About Fusion Antibodies plc
Fusion is a Belfast based contract research organisation ("CRO")
providing a range of antibody engineering services for the development
of antibodies for both therapeutic drug and diagnostic applications.
The Company's ordinary shares were admitted to trading on AIM on 18
December 2017. Fusion provides a broad range of services in antibody
generation, development, production, characterisation and optimisation.
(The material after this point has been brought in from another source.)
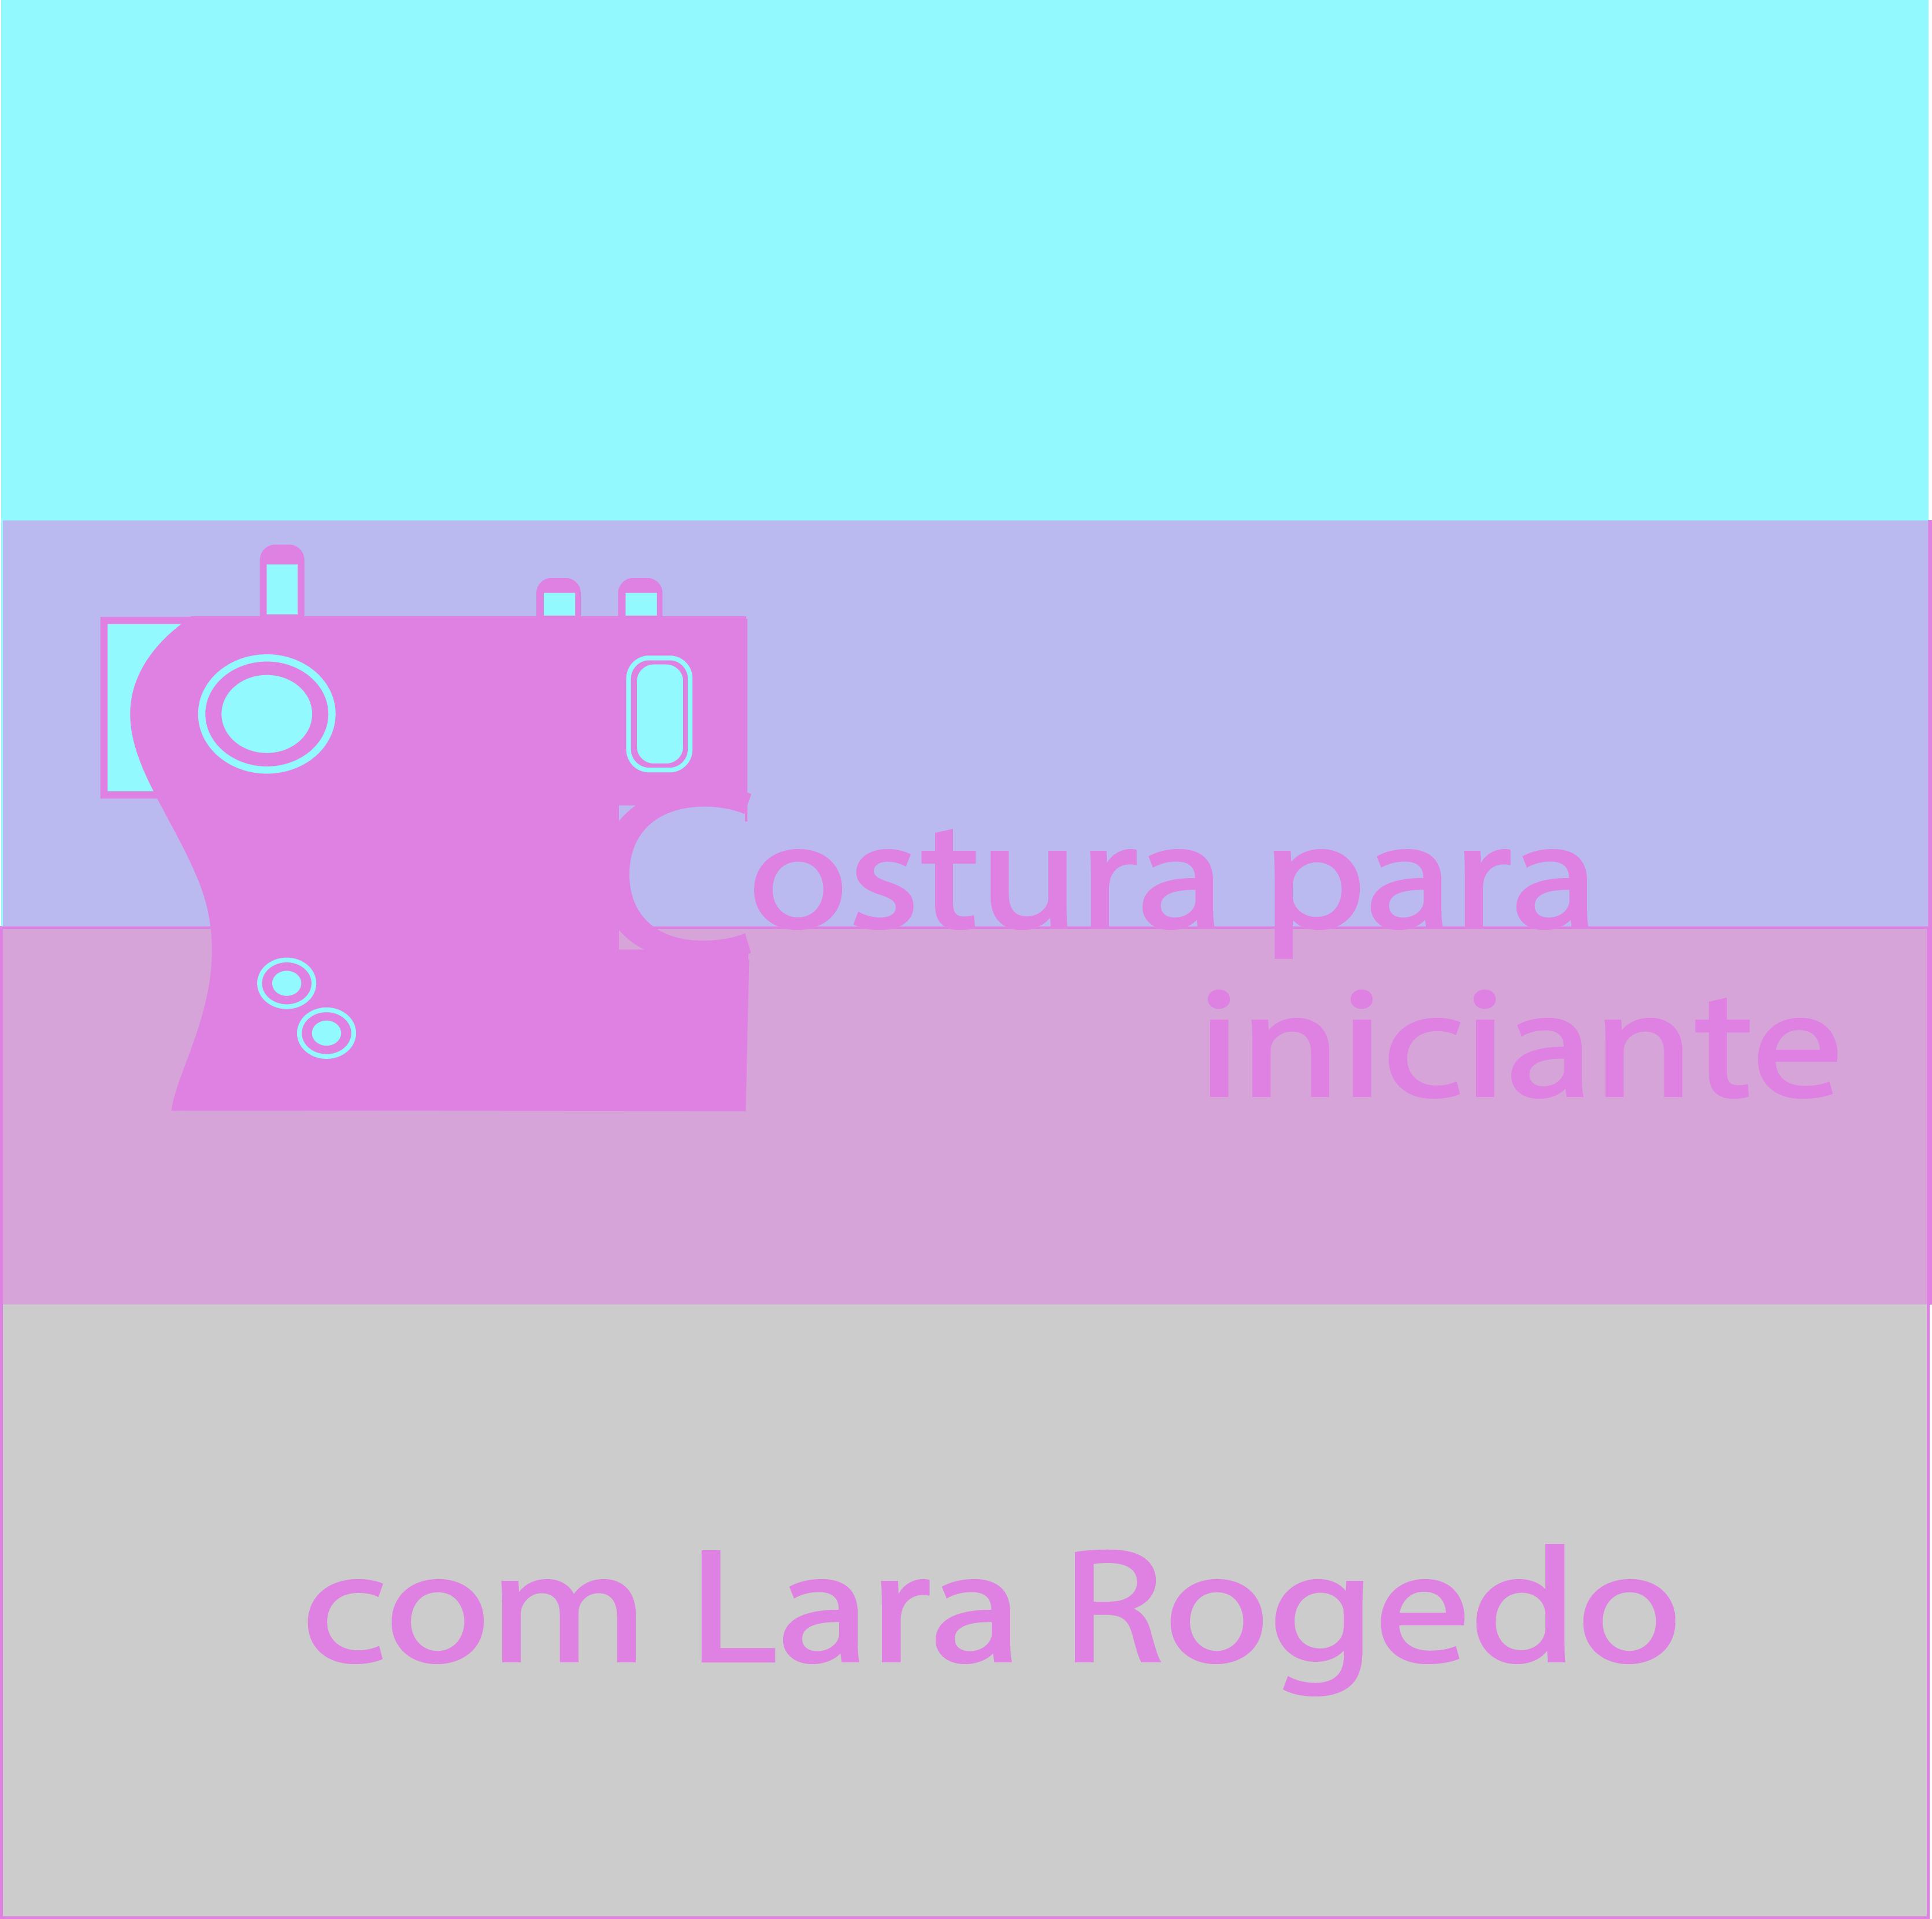 https://algodaocru.com.br/costuraparainiciante/

These services include antigen expression, antibody production,
purification and sequencing, antibody humanisation using Fusion's
proprietary CDRx TM platform and the
production of antibody generating stable cell lines to provide material
for use in clinical trials. Since 2012, the Company has
successfully sequenced and expressed over 250 antibodies and
successfully completed over 200 humanisation projects and has an
international, blue-chip client base, which has included eight of the
top 10 global pharmaceutical companies by revenue.
The Company was established in 2001 as a spin out from Queen's University
Belfast. The Company's mission is to enable pharmaceutical and
diagnostic companies to develop innovative products in a timely and
cost-effective manner for the benefit of the global healthcare industry.
Fusion Antibodies provides a broad range of services in antibody
generation, development, production, characterisation and
optimisation.
Fusion Antibodies growth strategy is based on combining the latest technological advances with cutting edge science to deliver new platforms that will enable Pharma and Biotech companies get to the clinic faster, with the optimal drug candidate and ultimately speed up the drug development process.